Kiandra and the northern skifields
Skiing in Australia began in the northern section of the Snowy Mountains during the Kiandra goldrush. Kiandra is often isolated by deep snow which made it inaccessible during winter. In 1861, Norwegian miners introduced recreational skiing to the mining settlement by converting fence posts into skis. Ski races were held annually on Township Hill at Kiandra, which led to the founding of the Kiandra Snow Shoe Club—reportedly becoming the "world's longest continuously running ski club" as it evolved into the present-day Kiandra Pioneer Ski Club in Perisher Valley, NSW. Whether the club is the first of its kind has been subject to debate.
It has been claimed that an unidentifiable ski club (unnamed and without membership names) commenced in America in 1861. The "Trysil Skytte- og Skiløberforening" (Shot and Ski Practitioner Association) was also founded in Norway, in 1861. The association held their first competition in January 1862 Alpine skiing, as a sport, commenced over twenty-five years before any ski club can be identified as being formed in Europe. Alpine ski clubs were first founded in Munich, Germany 1891, Switzerland 1893, Arlberg, Austria 1901, followed by France and Italy. Sir Arnold Lunn founded the Kandahar Ski Club of Great Britain in 1924.
The "Kiandra Snow Shoe Club" held separate ski races for both ladies and children as early as 1885. Barbara Yan was the first identifiable woman documented as to having won a Downhill Skiing Championship.

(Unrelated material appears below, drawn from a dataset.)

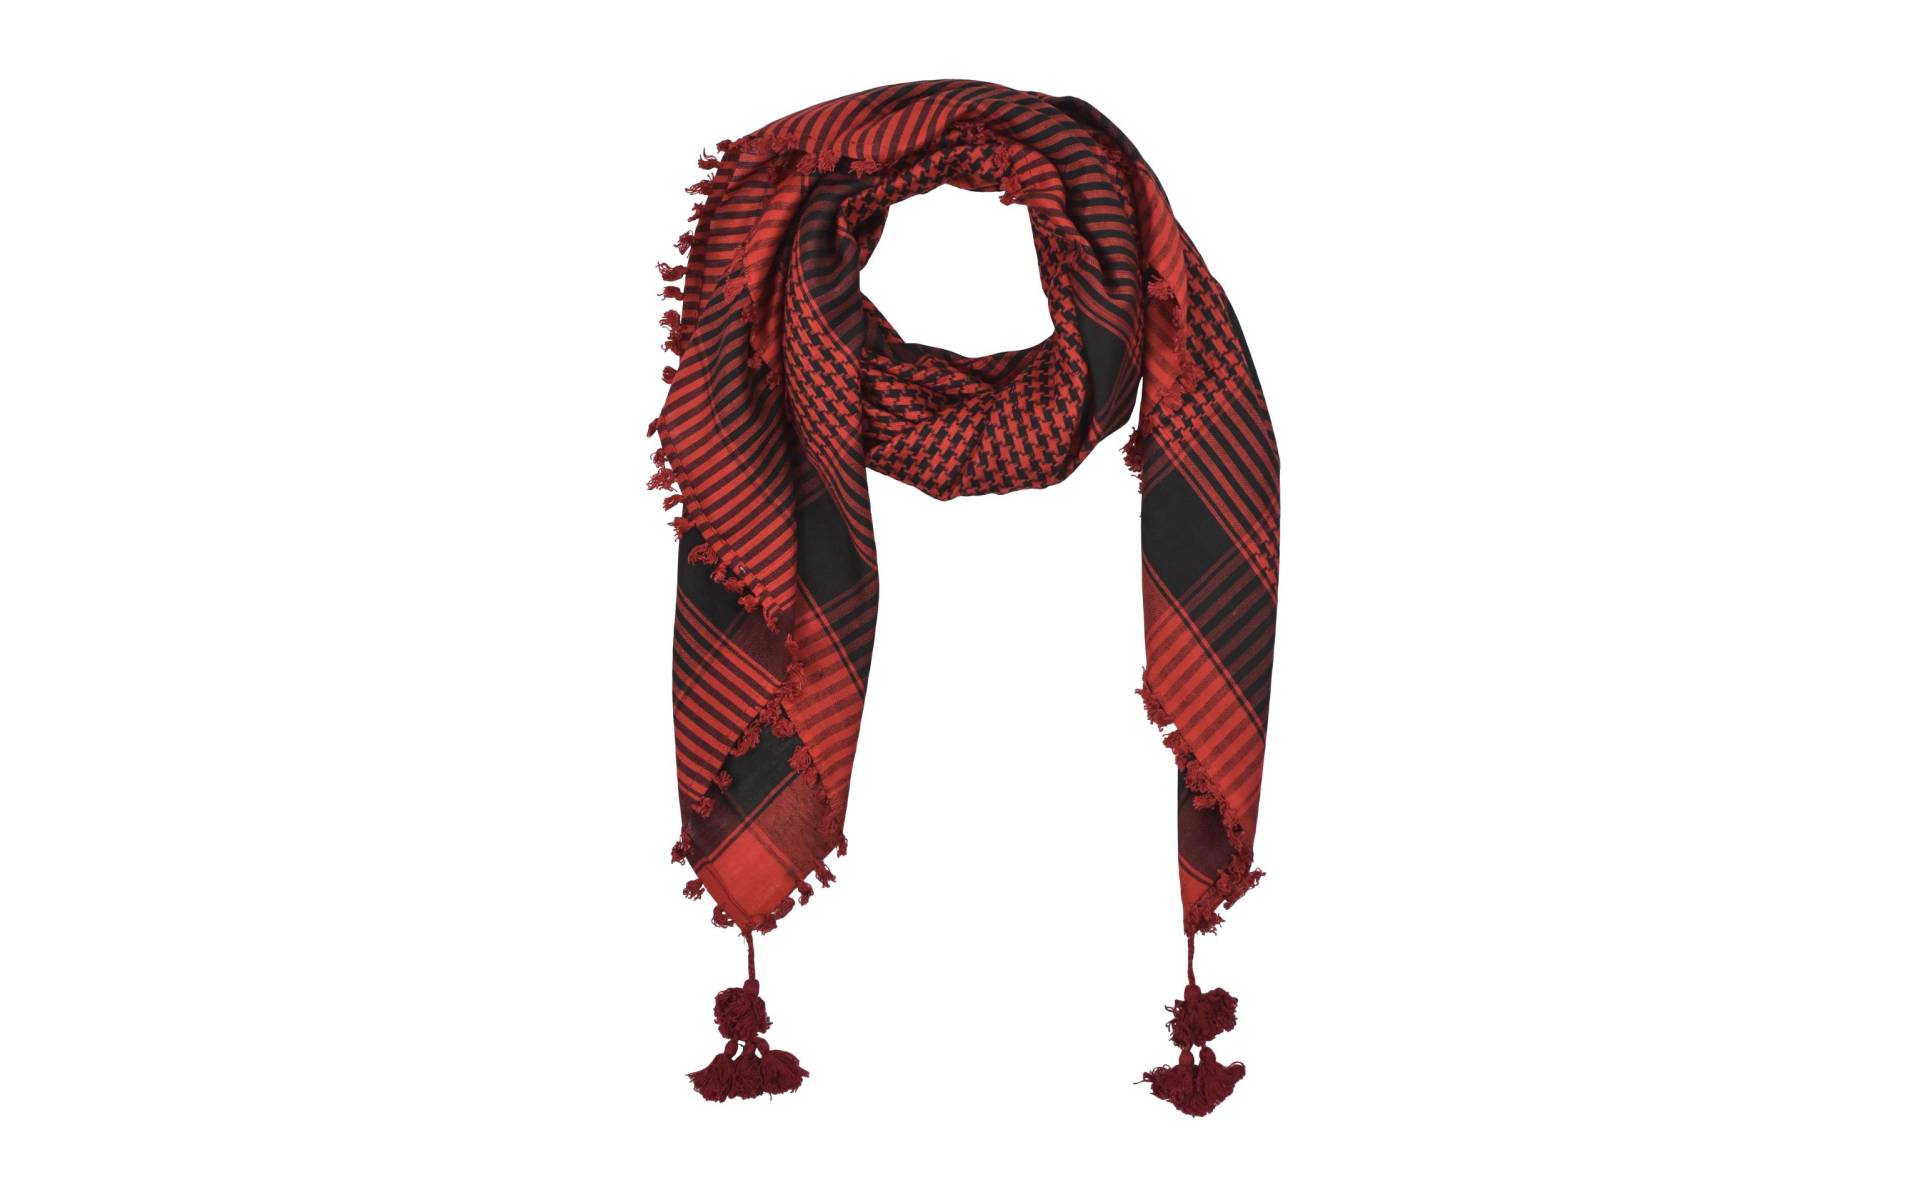 Šatka, "Palestína", viskóza, červeno-čierny, strapce, cca 120*120cm

Yan also won the ladies downhill in 1887, the year her siblings won the girls' under-8 section and second in the under-12s. In 1908 the club held the first ever documented International and Intercontinental Downhill Skiing Carnival. Results – America 1st, Australia 2nd, England 3rd.
Australia's longest running skiing competition is The Balmain Cup. By 1933 team racing was open to virtually all competitors from any club or imported talents but Arthur Balmain of Cooma believed this was unfair to local enthusiasts. He donated a perpetual trophy open only to competitors residing in or about the Southern Districts and only for members who held membership for twelve weeks in the local ski club. Arthur Balmain, whose company transported skiers to all localities, envisaged a competition that would encompass all clubs. He decreed that a team must compete for the Balmain Cup with all members competing in four disciplines: Downhill, Slalom, Jump and Langlauf. In 1946 the competition format for competitors eligibility was changed and the jump section was removed.
In the wilderness region south of Kiandra, The Alpine Hut, near Mount Jagungal, was built in 1939 to cater for skiers. Access was arduous – via packhorse and ski.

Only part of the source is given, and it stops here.